Extracting text from HTML file using Python

python

text-extraction

beautifulsoup

html2text

byAlex Kataev·Sep 26, 2024

Here's the quick way of extracting text from HTML using Python with the BeautifulSoup library:

from bs4 import BeautifulSoup

soup = BeautifulSoup(html_content, 'html.parser')
text = soup.get_text(strip=True)

print(text) # Voila! Magic soup serving hot text!

Just use pip install beautifulsoup4 to get the BeautifulSoup magic happening. The get_text(strip=True) function will elegantly strip away those extra whitespaces and HTML tags, leaving you with clean, readable text.

Stripping down script and style content

Sometimes your HTML can have some unwanted layers, like <script> or <style> tags, hiding the core information you're interested in. Remember, Python is like your personal HTML stylist, helping you get rid of unwanted scripts and style tags:

for script_or_style in soup(["script", "style"]):
    script_or_style.decompose()  # "You're not my style", says Python

clean_text = soup.get_text(strip=True)

Your text will emerge, free from encumbering scripts and styles - a fashion statement in text extraction!

Tackling intricate HTML

While HTML can occasionally show its more complicated side, with elements like HTML entities and encoding popping up, BeautifulSoup is ready to interpret these correctly without any post-cleanup. For instance, & will automatically be converted into &.

But for rough and tough HTML structure, you need a sturdy tool like html2text:

import html2text

text_maker = html2text.HTML2Text()
text_maker.ignore_links = True
text = text_maker.handle(html_content)

print(text) # tough HTML? html2text is tougher!

Robust extraction with html2text

In the war against tangled HTML, html2text is your trusty sidekick. This library handles formatting issues that can make the transformation from HTML to plain text complex, such as line breaks and paragraphs, producing plain text comparable to the manual method of copy-pasting. Remember to check the repository on GitHub for the freshest updates.

Post-extraction refinement

Have the urge to further refine your text and trim the fat? This is where the power of regular expressions comes in handy:

import re

# Example: Removing pesky URLs from the extracted text
cleaner_text = re.sub(r'http\S+', '', clean_text)

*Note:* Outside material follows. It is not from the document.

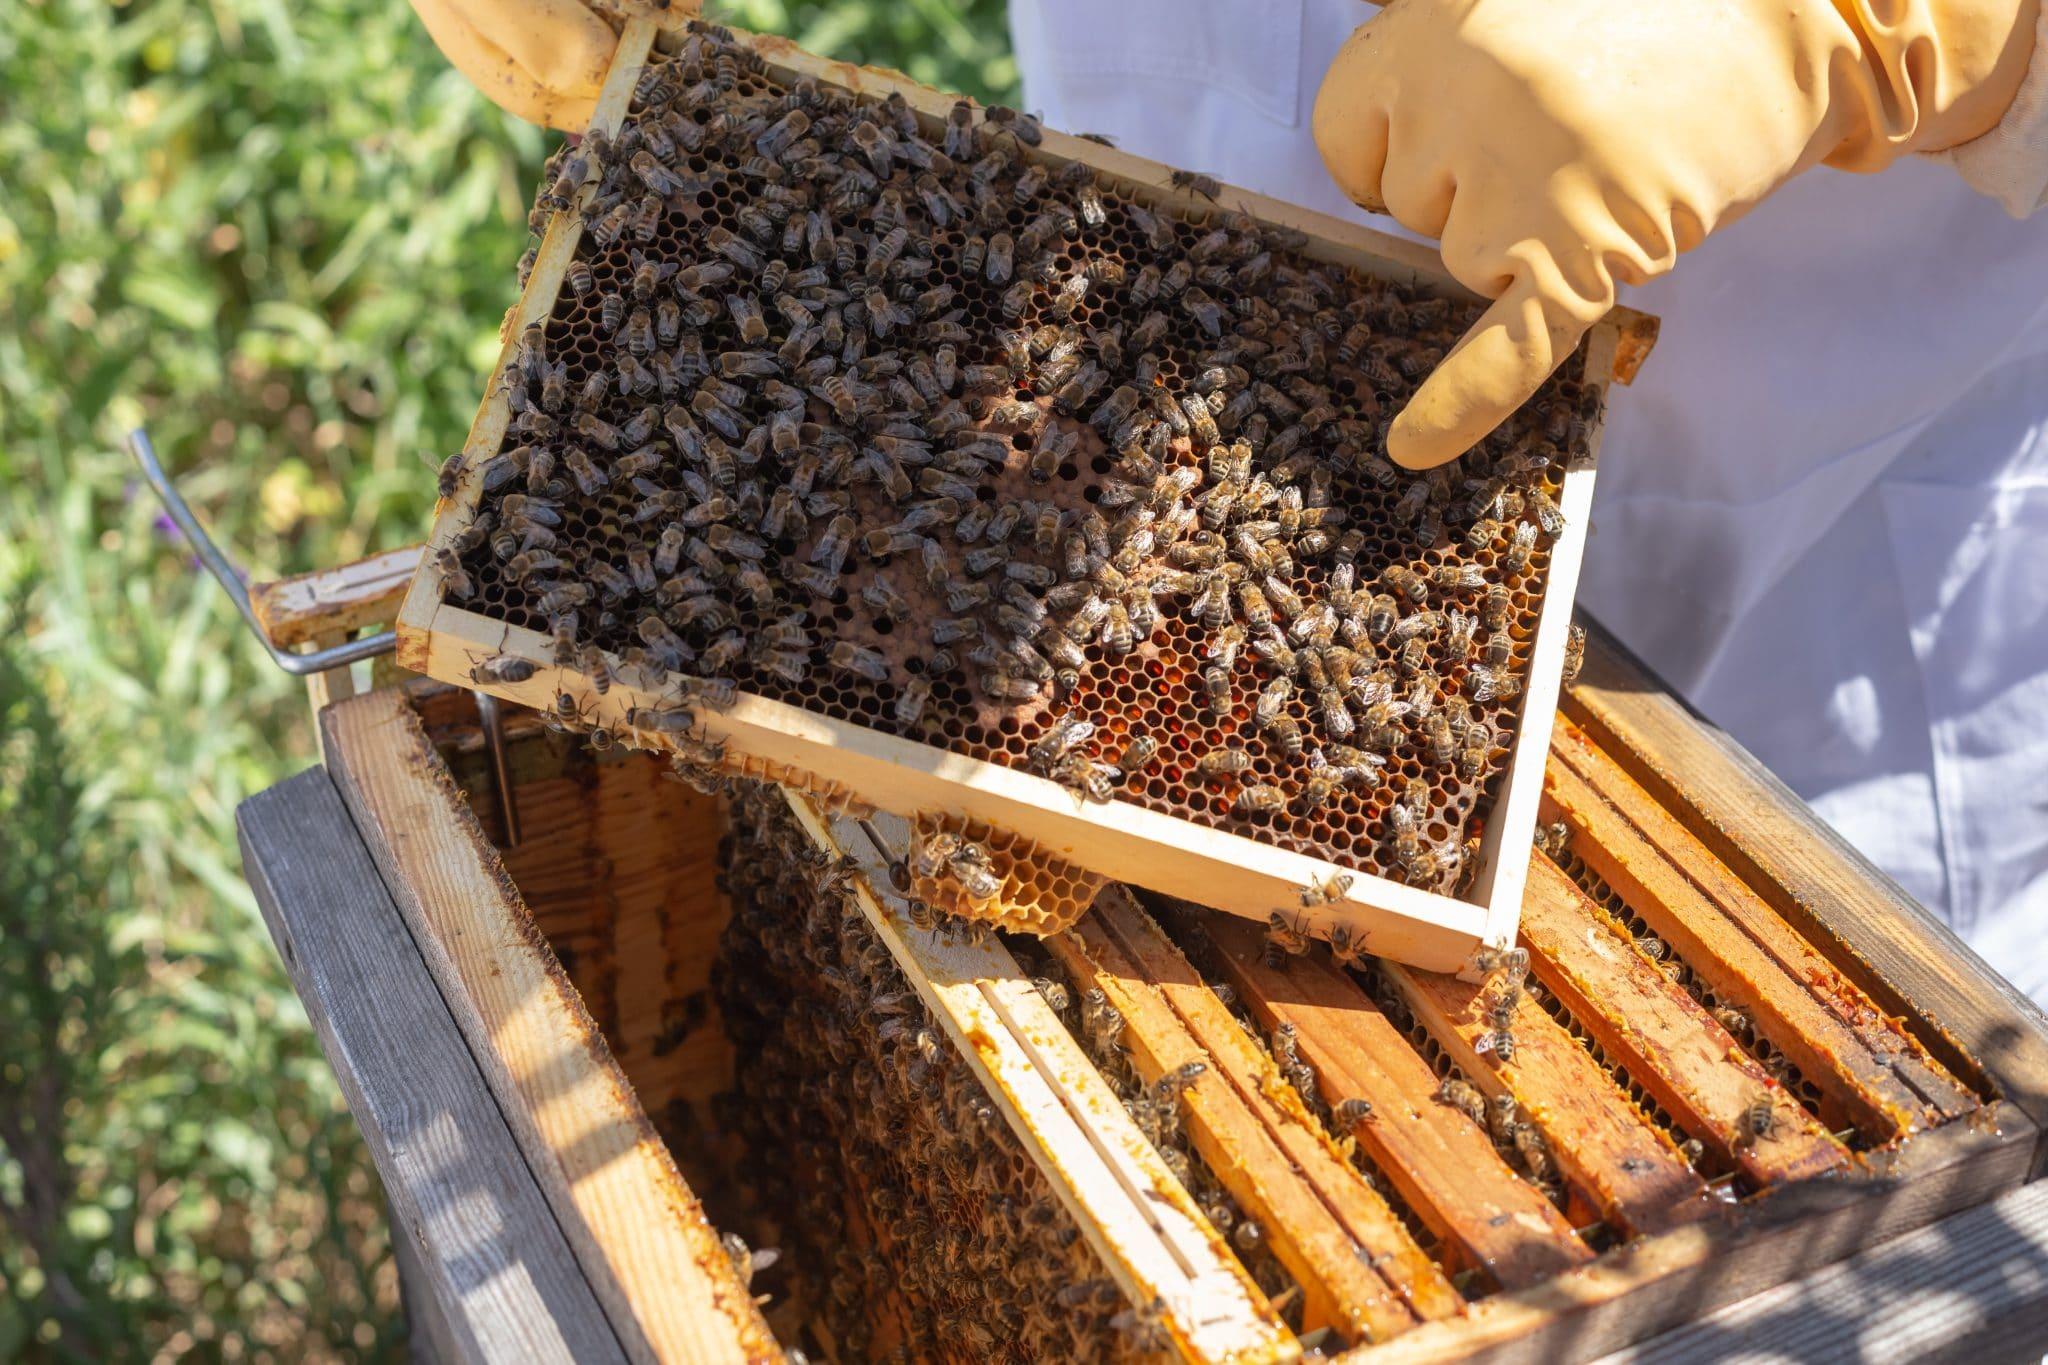 La disparition des abeilles, comment lutter ?

print(cleaner_text) # URLs? Not on my watch, says Python!

Remember, regular expressions are not an all-in-one solution for parsing HTML but can be a powerful tool for a bit of post-workout shaping!

Custom extraction with _DeHTMLParser

If you're in need of a specialized workout routine for your text extraction efforts, _DeHTMLParser might be your personal trainer. It can handle messy HTML and customize extractions according to your specific needs:

from _DeHTMLParser import dehtml

dehtml_parser = dehtml()
extracted_text = dehtml_parser.text(html_content)

print(extracted_text) # "I don't break a sweat", says _DeHTMLParser!